Basta n’était pas, à proprement parler, un journal anarchiste. Même si, par bien des thèmes et des prises de positions, il a pu être identifié comme tel. Mais jamais la question ne se posait de savoir si nous étions bien dans l’esprit libertaire, ou si nous étions fidèles à une pensée de référence... Situ ? pas vraiment non plus, beaucoup moins intello...

La première année fut extrêmement difficile, jalonnée d’évènements tels qu’arrestations, attentats (et destruction) contre l’atelier de l’imprimerie, prison etc.

Basta s’avéra bien utile, et un moyen pour nous de rester debout, sans jamais modérer notre expression par peur des représailles. C’était notre fierté de continuer quoiqu’il arrive.

Cette année-la pour les premiers "Basta", nous étions soutenus et aidés par des amis dessinateurs de "Charlie hebdo" et "La Gueule ouverte", qui nous donnaient des illustrations, et participaient à nos discussions (Soulas, Nicoulaud, Petit Roulet...)

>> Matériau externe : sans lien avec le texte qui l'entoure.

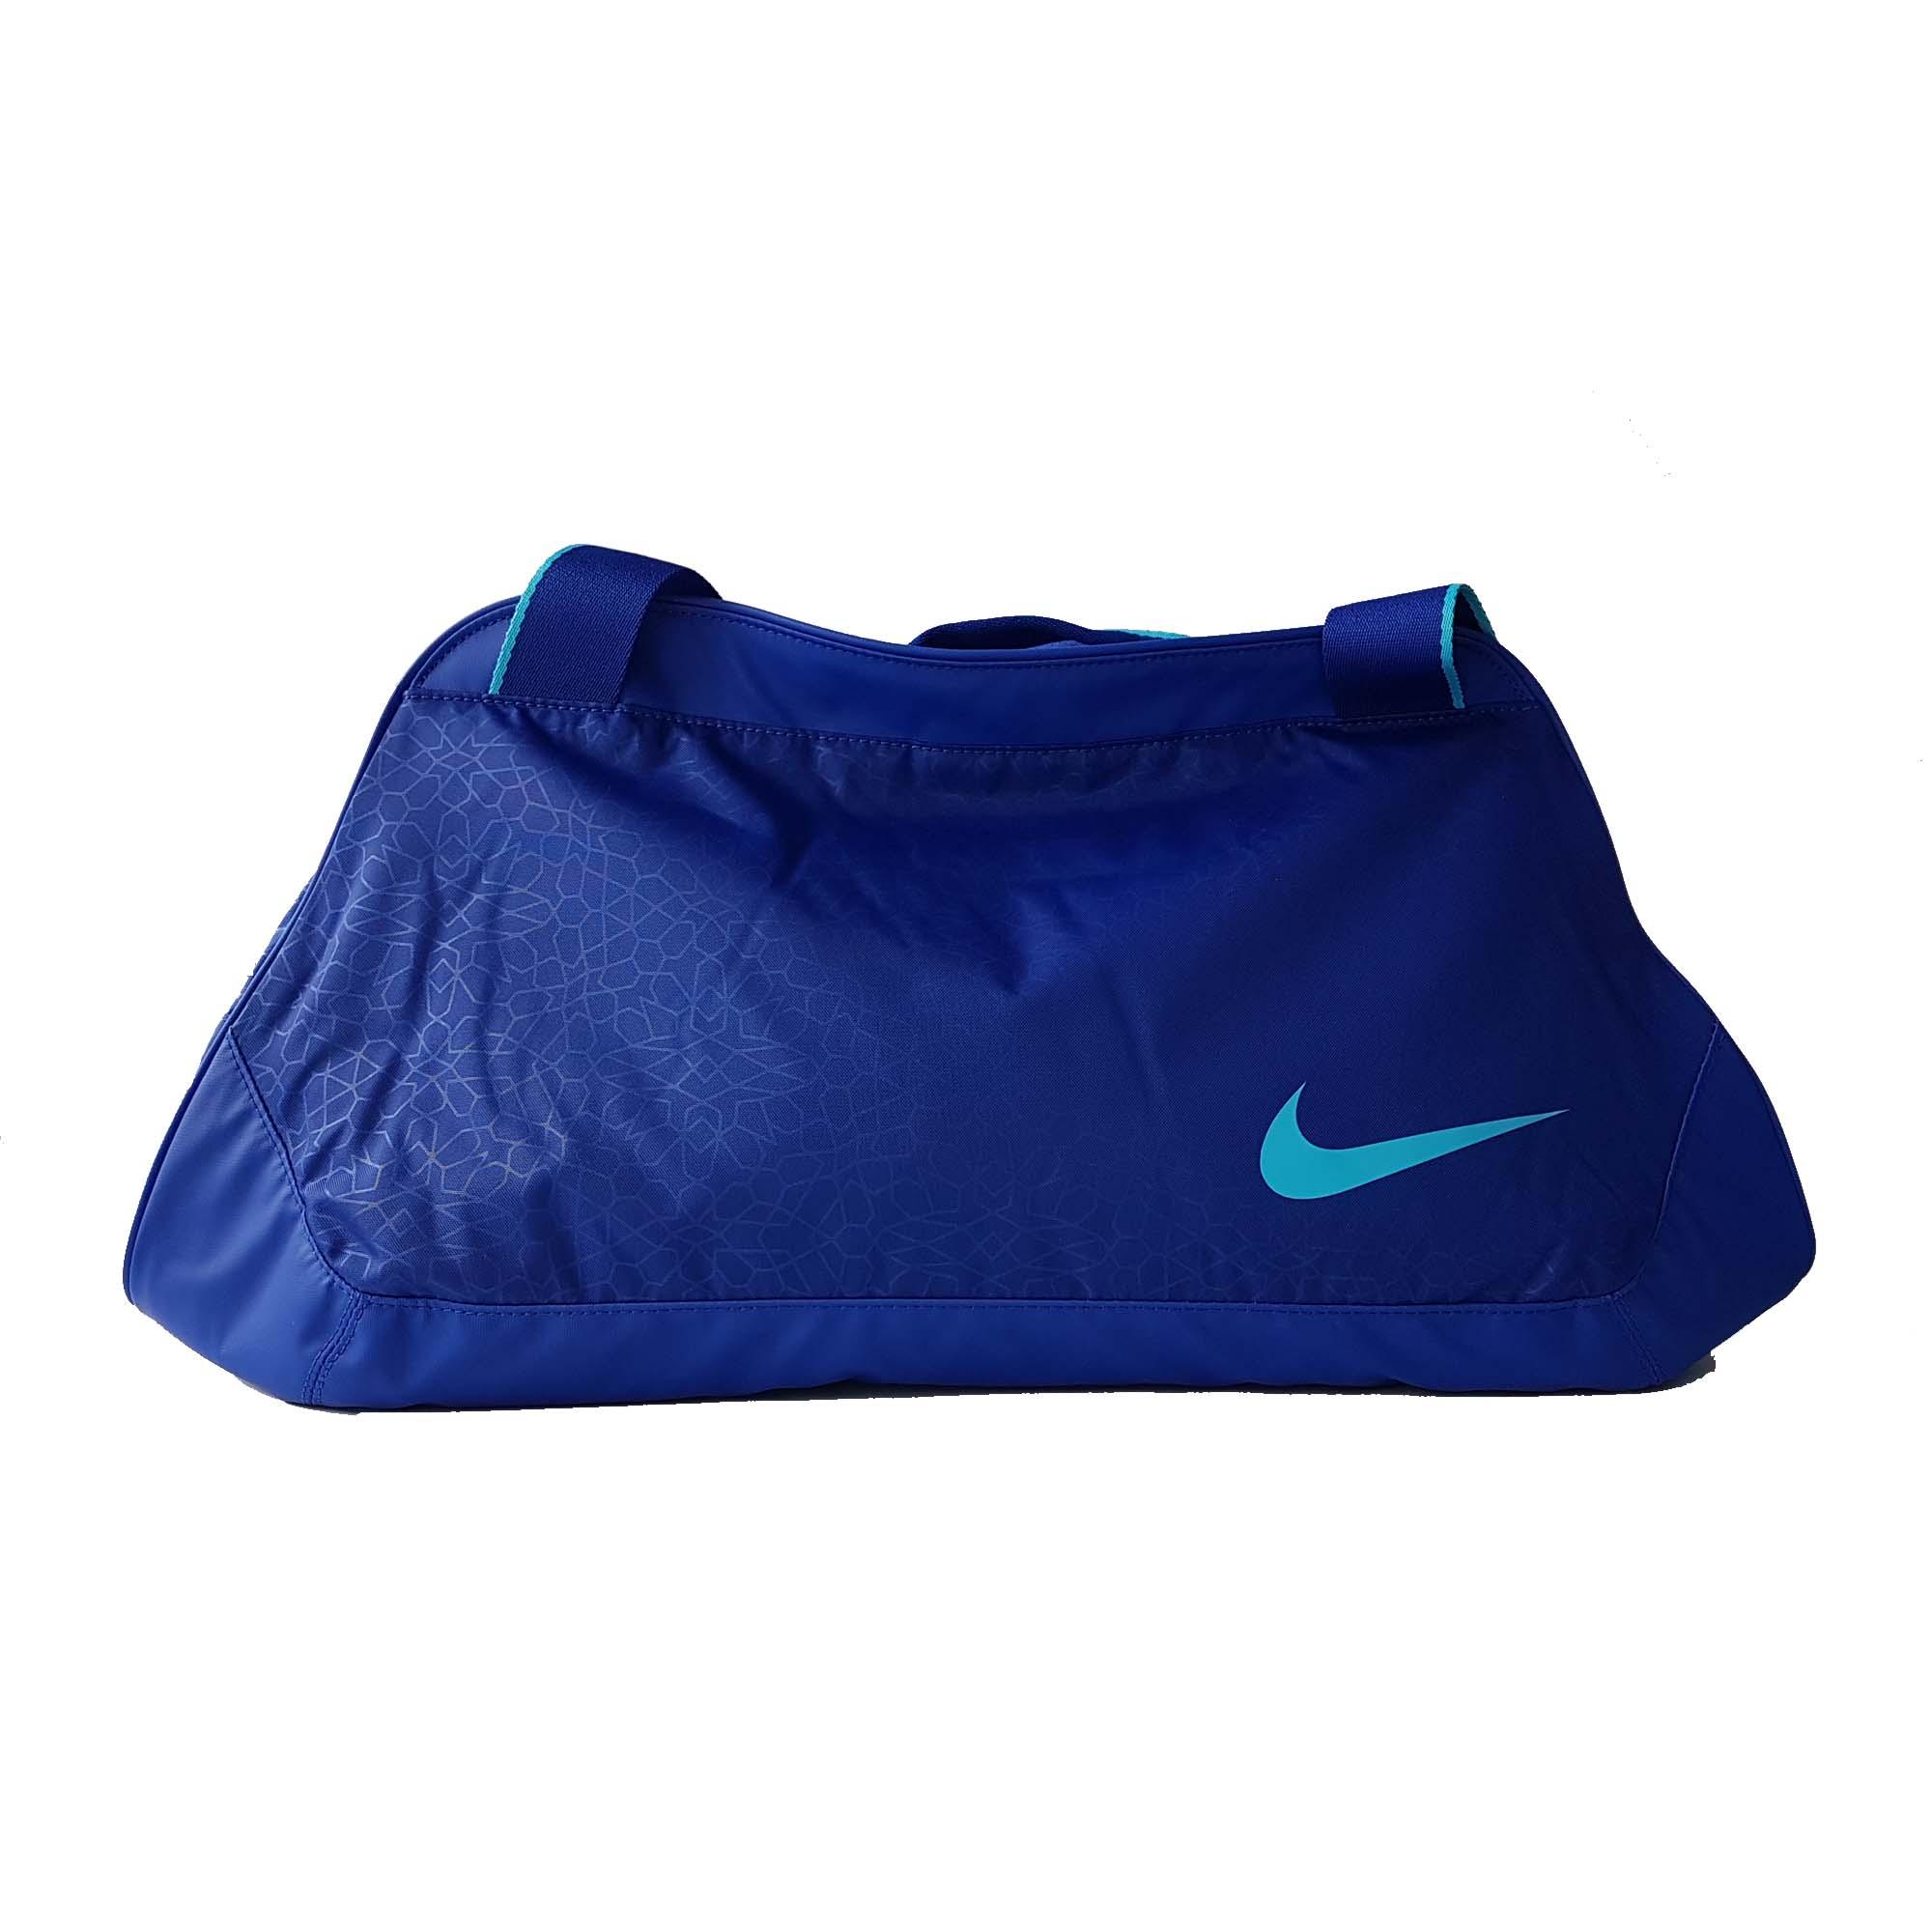 Nike Damen Sporttasche Legend Club - SMU NFS BZ9754-455

La parution, très irrégulière, presque mensuelle les premières années, s’espaça dans les années 80, ne retrouvant énergie qu’au gré d’évènements nous touchant de près (à noter qu’entre 1976 et 1983 nous avons subi 4 attentats...). Elle rebondit en 91, à l’occasion de la guerre du golfe.

Puis, dans la deuxième moitié des années 90, et les années 2000, une autre génération nous rejoignit et redonna vie à notre journal... Les thèmes étaient toujours les luttes sociales, la solidarité, la critique des politiques, des religions...

Ainsi 44 numéros ont paru à ce jour. Le 44ème en février 2015, après les attentats de Paris, traite de Charlie, de Sivens, des intermittents et du MEDEF etc.

Sera-il le dernier numéro de Basta ? Peut-être, tout a une fin... à moins que...

Aujourd’hui, l’imprimerie 34 a fermé ses portes, Plusieurs de ses membres nous ont malheureusement quittés, d’autres sont à la retraite, et même si certains, plus jeunes, ont repris cette activité, et conservent des moyens d’impression, il faut bien constater que les journaux militants, ou différents, ont de plus en plus de mal à exister face à internet.

D’ailleurs, notre titre, BASTA, choisi en 76 dans l’enthousiasme, pour son sens compréhensible dans toutes les langues, a été également pris par un media sur internet "Bastamag", qui n’a rien à voir avec notre journal, mais qui commence à être bien connu... Pourquoi pas ? Plus il y aura de gens qui diront "Basta !" et feront ce qu’il faut pour ça, et plus le monde aura quelques chances de changer... enfin, espérons-le !


Notes :

[1Voir le site AAEL (Association pour l’art et l’expression libres).